新小5年生、新小6年生は、作文の課題が難しくなります。その勉強の進め方について説明します。
●小学校5、6年生の勉強の進め方
小学校5、6年生は、中学受験の勉強との兼ね合いが重要になってきます。
中学受験をしない子の場合(小中高一貫校に通っている場合、公立中学に進む場合など)は、また別の問題が出てきます。それは、小学校高学年になると、どの学校も作文指導が少なくなるということです。その理由は、高学年の作文指導を日常的に行うことが難しくなるからです。小学校高学年以上の作文指導は、現在の教育体制のもとでは教える先生の負担が大きすぎます。
しかし、子供はそのような事情を知りません。学校で作文の勉強をあまりしなくなるので、どうして自分が言葉の森で作文の勉強をするのかということに疑問を持つようになるのです。しかも、作文の学習はほとんどの高学年の子供にとって負担の大きい勉強です。小学校高学年で作文を書くことが好きだという子は、国語力がきわめて高いごく少数の子だけです。
課題が難しくなる、考える作文を書くための語彙がまだ育っていないので書くことが苦手になる、そして、学校で作文の勉強を生かす機会がなくなる、更に、同学年の友達の多くは塾でもっと勉強らしいことをしているのに自分が作文に時間を取られている、というさまざまな理由で、小学校高学年の子は作文の勉強を続けにくくなるのです。
ここで大事なのは、親の説得です。しかし、説得をするにも、子供がある程度作文を書くことに自信を持っていないと、子供を納得させることは難しくなります。そのためにも、小学校低学年から、音読、暗唱、読書、対話などの毎日の家庭学習によって、読書と作文が得意だというレベルまで持っていく必要があるのです。
子供が作文の勉強をやめたくなったときには、親が、これからの学力は、自分の力で読んだり書いたりすることで、それは大きくなればなるほどそうなってくるということを説明してあげることが必要になります。わかりやすい例として、
高校入試でも、大学入試でも、会社に入るときの試験でも、また、会社に入ったあとの仕事でも、説得力のある文章を楽に書く力があるとそれだけで大きな差がつくということを説明するとよいと思います。一度そういう説得を受けて、自分なりに納得して作文を書く勉強を続けると決めた子は、長期間その意欲を持続させていきます。

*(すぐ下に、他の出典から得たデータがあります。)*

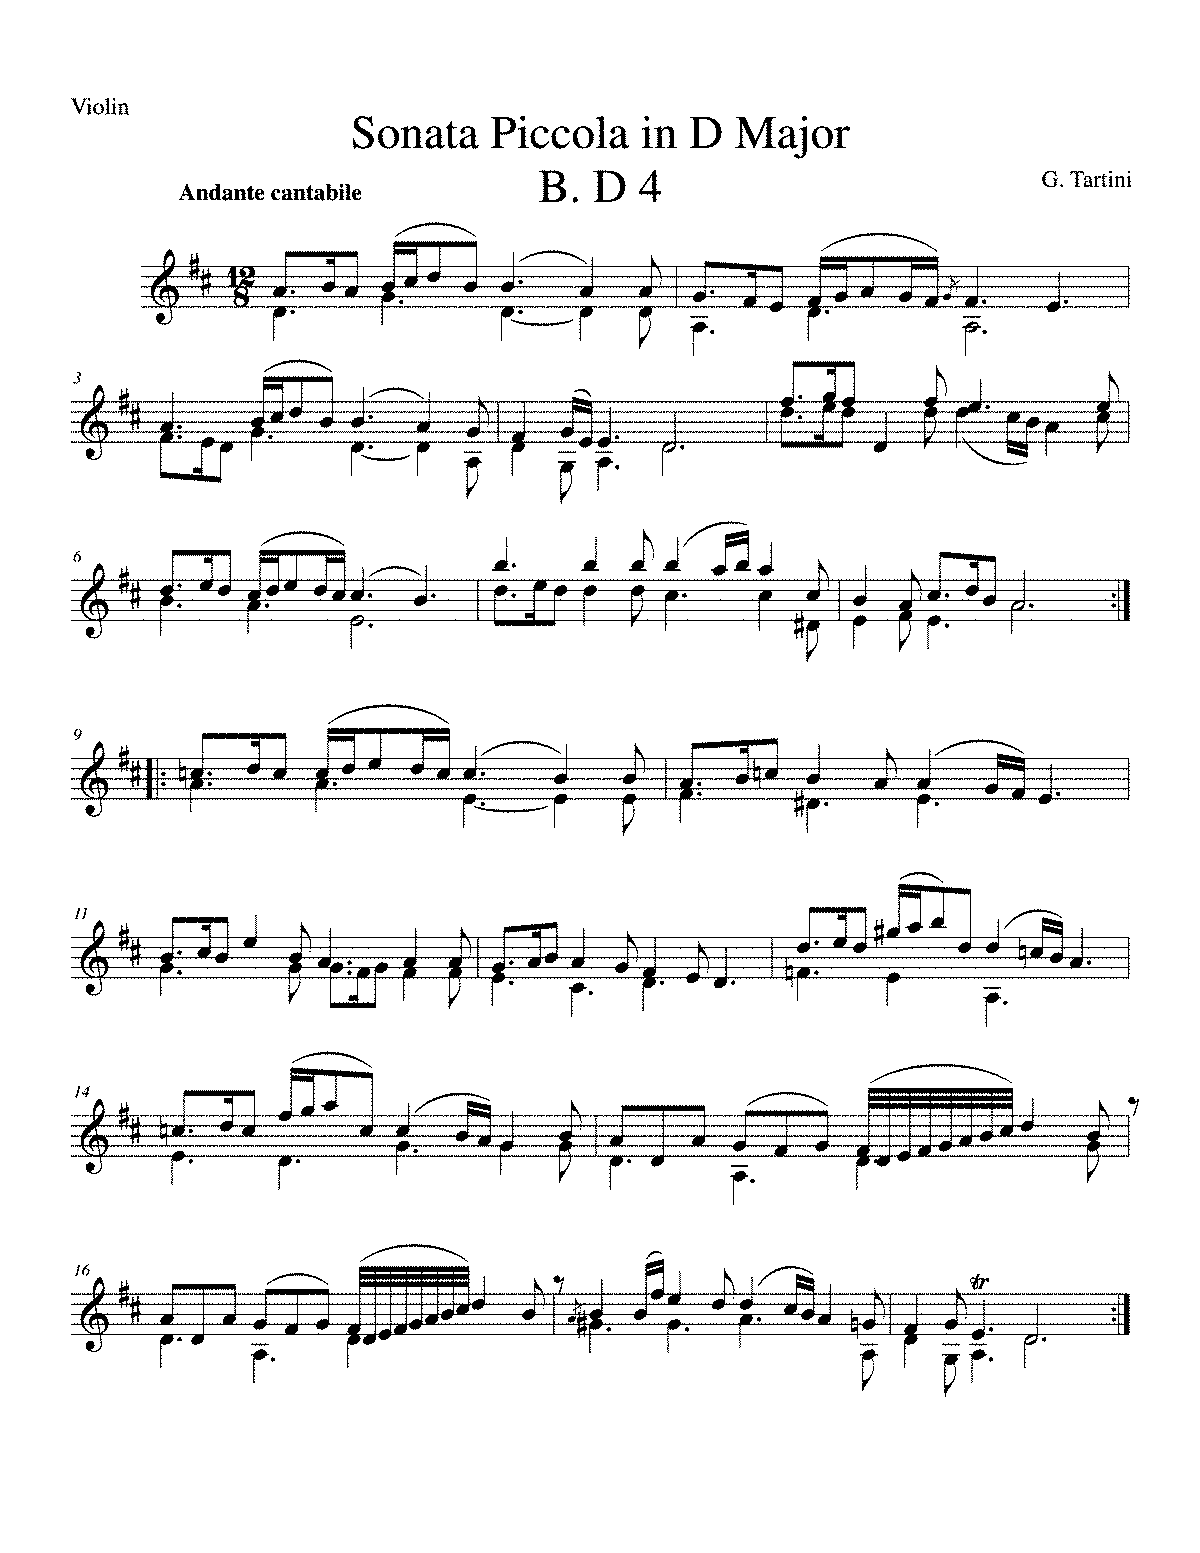 Violin Sonata in D major, GT 2.D04 (Tartini, Giuseppe) - IMSLP

小学校高学年というのは、理屈がわかる時期ですから、理論と裏づけがはっきりしている話をすると意外によく理解できるのです。しかし、この説得で大事なことは、親の人生観も問われるということです。親が自分なりに確信を持っていることを自分の生き方に結び付けて話すことができれば、どの子もその話を傾聴します。しかし、親がわかりやすい損得や賞罰の利害的なことだけで子供を説得しようとすると、子供はその根の浅さにかえって反発します。親が子供に言うことを聞かせられないのは、親が子供から尊敬されていないからで、それは親が気迫のある生き方をしていないからです。小学校高学年の子供を説得するためには、大人を説得するのと同じぐらいの気合いが必要なのです。
さて、次は、中学受験で作文の試験が特にない子の場合です。国語で記述式の問題が多いというだけの子も同じです。作文の試験というのは、少なくとも400字以上のまとまりのある文章を書く試験です。50字、100字、150字程度の文章を書く試験は、作文の試験ではなく記述の試験です。
記述式の試験に対する勉強の対策は次のようになります。第一は、指定の字数の感覚に慣れることです。第二は、すばやく一挙に書くスピードを身につけることです。第三は、できるだけ論点を対比する形で書くということです。一般に、一文の平均的な長さは40~50字です。ですから、150字の記述という指定があった場合は、その記述は3~4文で構成されるという見当をつけます。そして、150字の枠があれば、その枠ぎりぎりいっぱいまで書くようにします。文章を書く際は、途中で考えたり、消しゴム使ったり、読み返したりせず、頭の中で文を組み立てたら一気に書くようにします。また、書く内容は、単に「Aだ」という書き方ではなく、「BではなくAだ」「確かにBもわかるが、しかしAだ」というように論点を対比させるとめりはりのあるまとめ方になります。記述式の問題は、長文を読んで親が問題を出しそれを子供が書くという形で、字数とスピードに慣れることを目標にして進めていきます。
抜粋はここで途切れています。